A home-made portable microscope

by Wan Yu (aged 15), Chongqing, China


Many Chinese amateur microscopists couldn't afford a real microscope (e.g. in 1970). So, they often designed a small portable microscope and made a microscope for themselves. These were very easy to make and use and could be taken in the open air. Today, I also like to make them and I can make many different magnifications, even up to 200x and 330x.

If you would like to make one, it will take you a whole afternoon. The materials required are as follows:

A plastic bottle with a threaded cap.

Some glass fibre. If you don't have any, this can be made by heating the middle of a glass rod in a flame until it softens, then pull it to make a thin fibre.

Circular discs of thick card (see image right).


(1) Remove the bottom of the bottle and cut a hole in its side at the base to allow light to enter. Support a small mirror in the bottle so that it can rotate. Then, drill a hole in the bottle cap in line with the mirror so that light can illuminate the subject.

(2) Make the lens of the microscope; this is the most important step. You must be very careful or let a glassblower help you.

Hold the glass fibre to the flame and you will see the end fuse to form a small glass bead. Stop heating it at this point. Then detach the glass bead but leave a short glass thread attached (shown right). You will use the thread to hold the bead until it is mounted.

( 3 ) Use a needle to make a small hole in the thick card. Clean the lens, then push the lens tightly into the hole so that the thread lies along the card and is out of the field of view (see image right). Use a little glue on the thread away from the bead to hold it in place. You can mount many lenses in the card like this. Then centrally mount the card on a suitable support attached to the bottle (see above), so that you can rotate it easily and find the best lens magnification to observe the subject. OK, now you are finished!

In Use

Lay the specimen across the hole in the cap beneath the lens. Twist the threaded bottle cap to focus and observe. Maybe you will find that the specimen and lid will turn together. You can avoid this by laying the specimen on one or more shaped card supports held above the cap. (Editor's note: or perhaps use a glass microscope slide to support the subject.)

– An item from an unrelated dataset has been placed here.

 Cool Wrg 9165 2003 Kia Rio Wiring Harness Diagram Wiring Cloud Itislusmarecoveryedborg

The microscope can be taken everywhere and is very easy to use. You can make a microscope like this or perhaps improve on it. Microscopes of this design can be made just 4cm tall.

To compute the lens magnifications: Use the formula : Magnification = 250mm / 0.75 * lens diameter. Or : Magnification = 330mm / lens diameter.

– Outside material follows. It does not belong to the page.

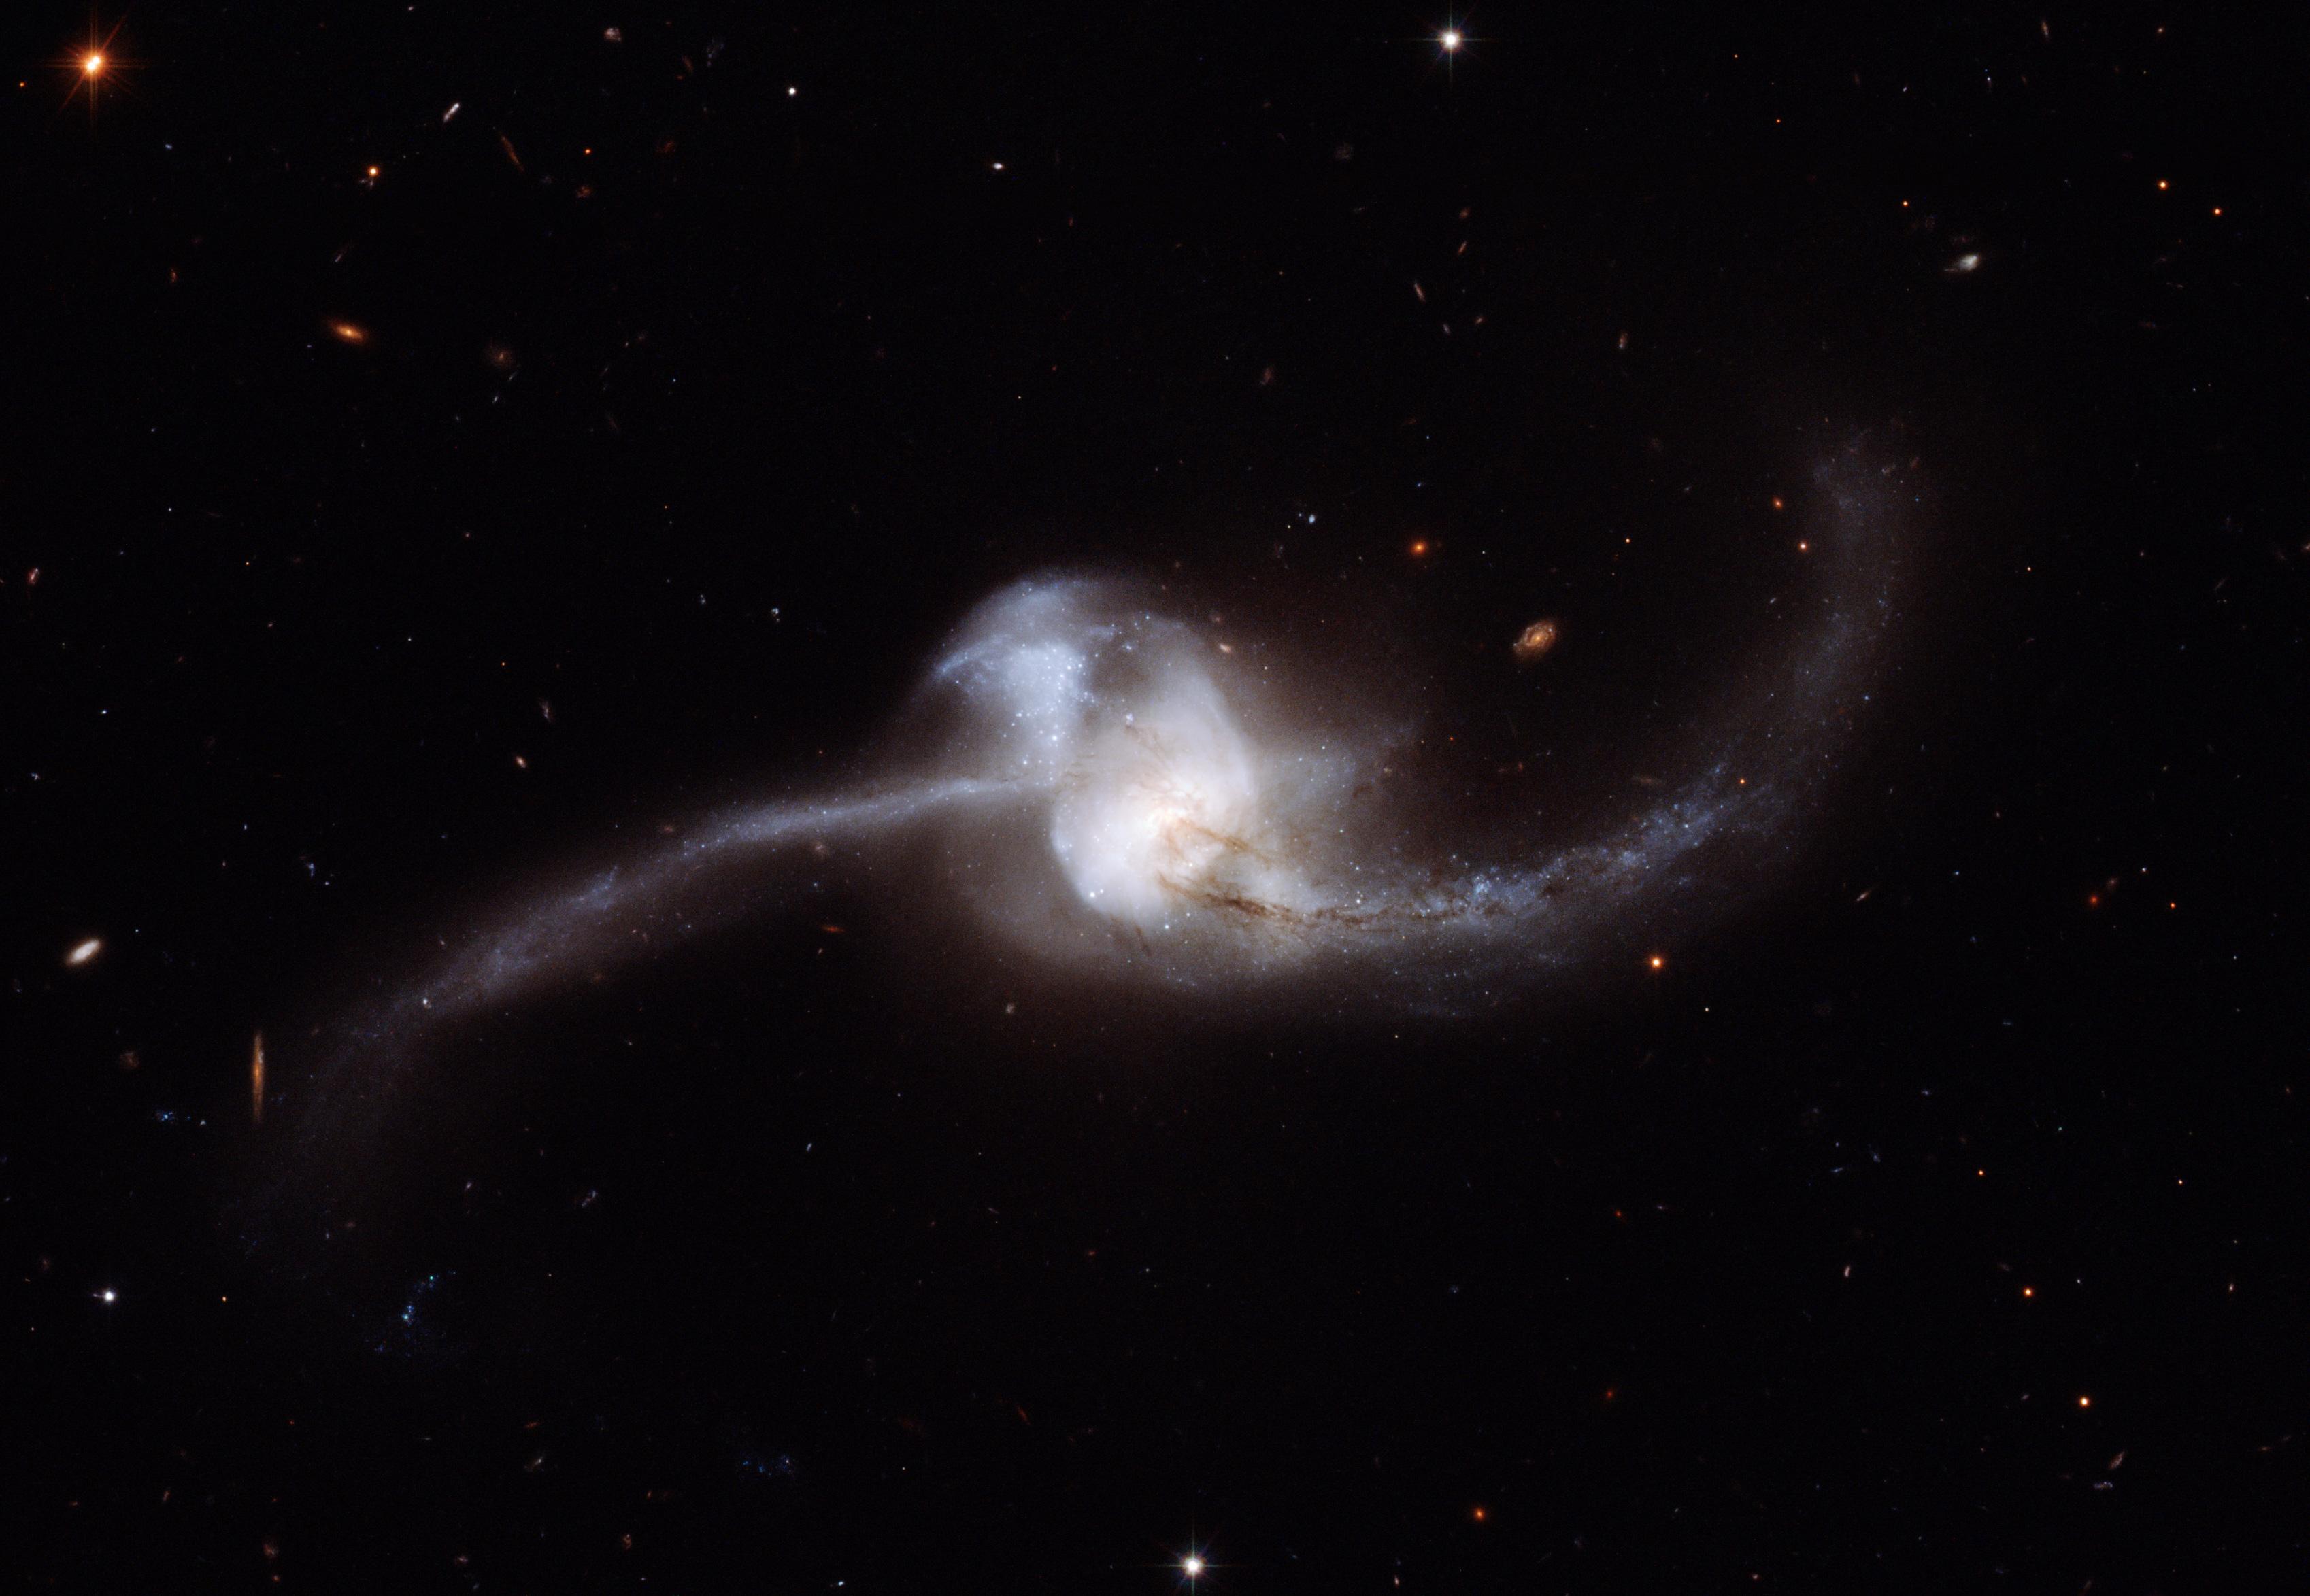 File:NGC 2623 Hubble heic0912a.jpg

Comments to Wan Yu welcomed.

Editor's note: we were delighted to hear from a young amateur microscopist living in China. Wan Yu tells us that he has a good microscope with magnifications from 50x to 700x. He enjoys studying freshwater algae and protozoa from pools, rivers, lakes, the city gutters and the eaves of houses. Sometimes he observes insects or microfossils and likes taking photo's with his microscope. Wan Yu also likes to make small practical microscopes to take in the open air. One of these designs he has kindly shared above with Micscape readers.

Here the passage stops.